In December 2003, the Accounting Standards Executive Committee of the AICPA issued Statement of Position No. 03-3 (SOP 03-3), Accounting for Certain Loans or Debt Securities Acquired in a Transfer. SOP 03-3 addresses the accounting for differences between the contractual cash flows and the cash flows expected to be collected from purchased loans or debt securities if those differences are attributable, in part, to credit quality. SOP 03-3 requires purchased loans and debt securities to be recorded initially at fair value based on the present value of the cash flows expected to be collected with no carryover of any valuation allowance previously recognized by the seller. Interest income should be recognized based on the effective yield from the cash flows expected to be collected. To the extent that the purchased loans or debt securities experience subsequent deterioration in credit quality, a valuation allowance would be established for any additional cash flows that are not expected to be received. However, if more cash flows subsequently are expected to be received than originally estimated, the effective yield would be adjusted on a prospective basis. SOP 03-3 will be effective for loans and debt securities acquired after December 31, 2004. Although the Company anticipates that the implementation of SOP 03-3 will require loan system and operational changes to track credit related losses on loans purchased starting in 2005, it is not expected to have a significant effect on the Companys results of operations, financial position and cash flows.
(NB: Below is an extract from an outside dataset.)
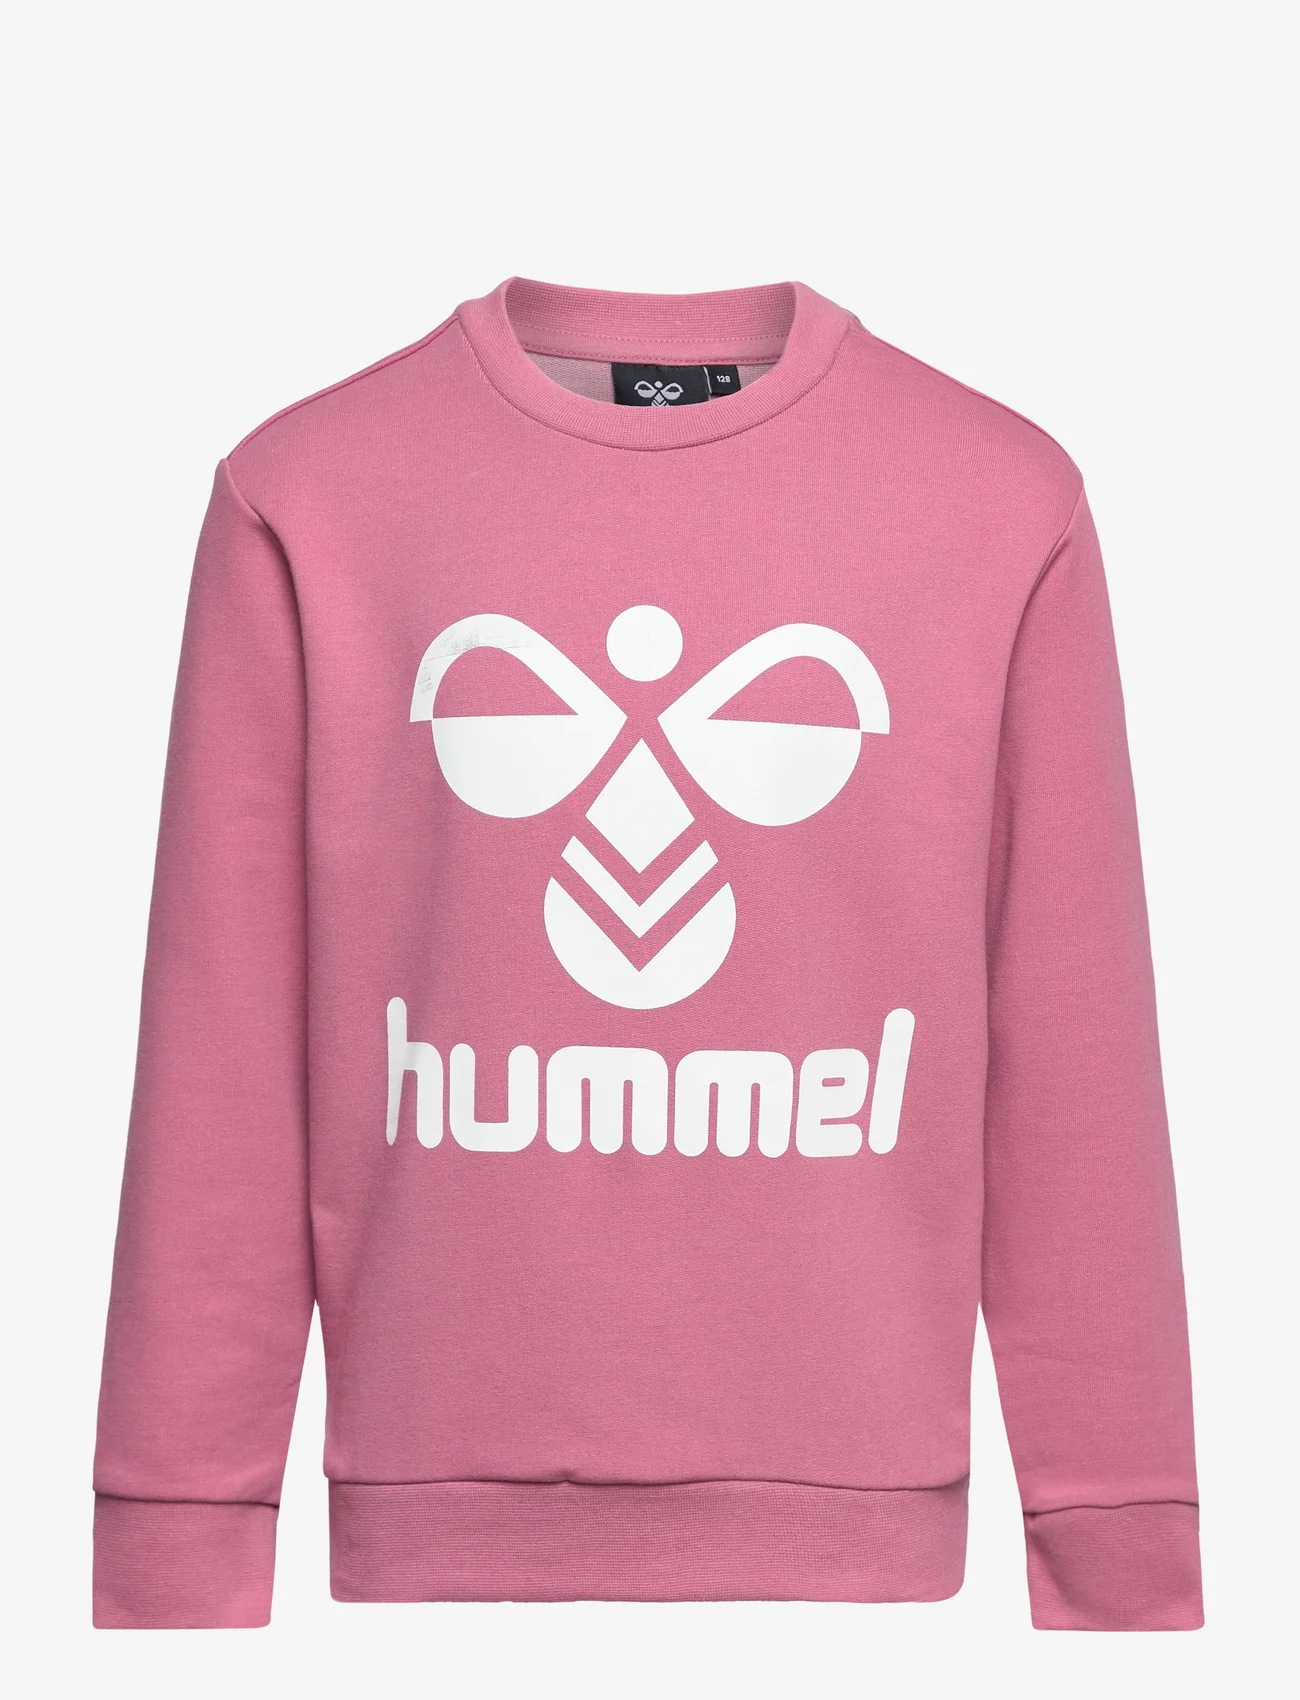 Hummel - hmlDOS SWEATSHIRT - sweatshirts & huvtröjor - heather rose - 0

Reclassification Certain amounts in the prior periods financial statements and related footnote disclosures have been reclassified to conform to the current presentation.
Shareholder Rights Plan In 2000, the Company adopted a shareholder rights plan designed to maximize long-term value and to protect shareholders from improper takeover tactics and takeover bids which are not fair to all shareholders. In accordance with the plan, preferred share purchase rights were distributed as a dividend at the rate of one right to purchase one one-thousandth of a share of the Companys Series A Participating Preferred Stock at an initial exercise price of $50.00 (subject to adjustment as described in the terms of the plan) upon the occurrence of certain triggering events. For additional information concerning this plan, see Note 11 to Consolidated Financial Statements. Commitments and Contingencies contained in the Companys Annual Report on Form 10-K for the year ended December 31, 2003.
Other Contingencies In the ordinary course of business, the Company becomes involved in litigation. Based upon the Companys internal records and discussions with legal counsel, the Company records reserves for estimates of the probable outcome of all cases brought against them.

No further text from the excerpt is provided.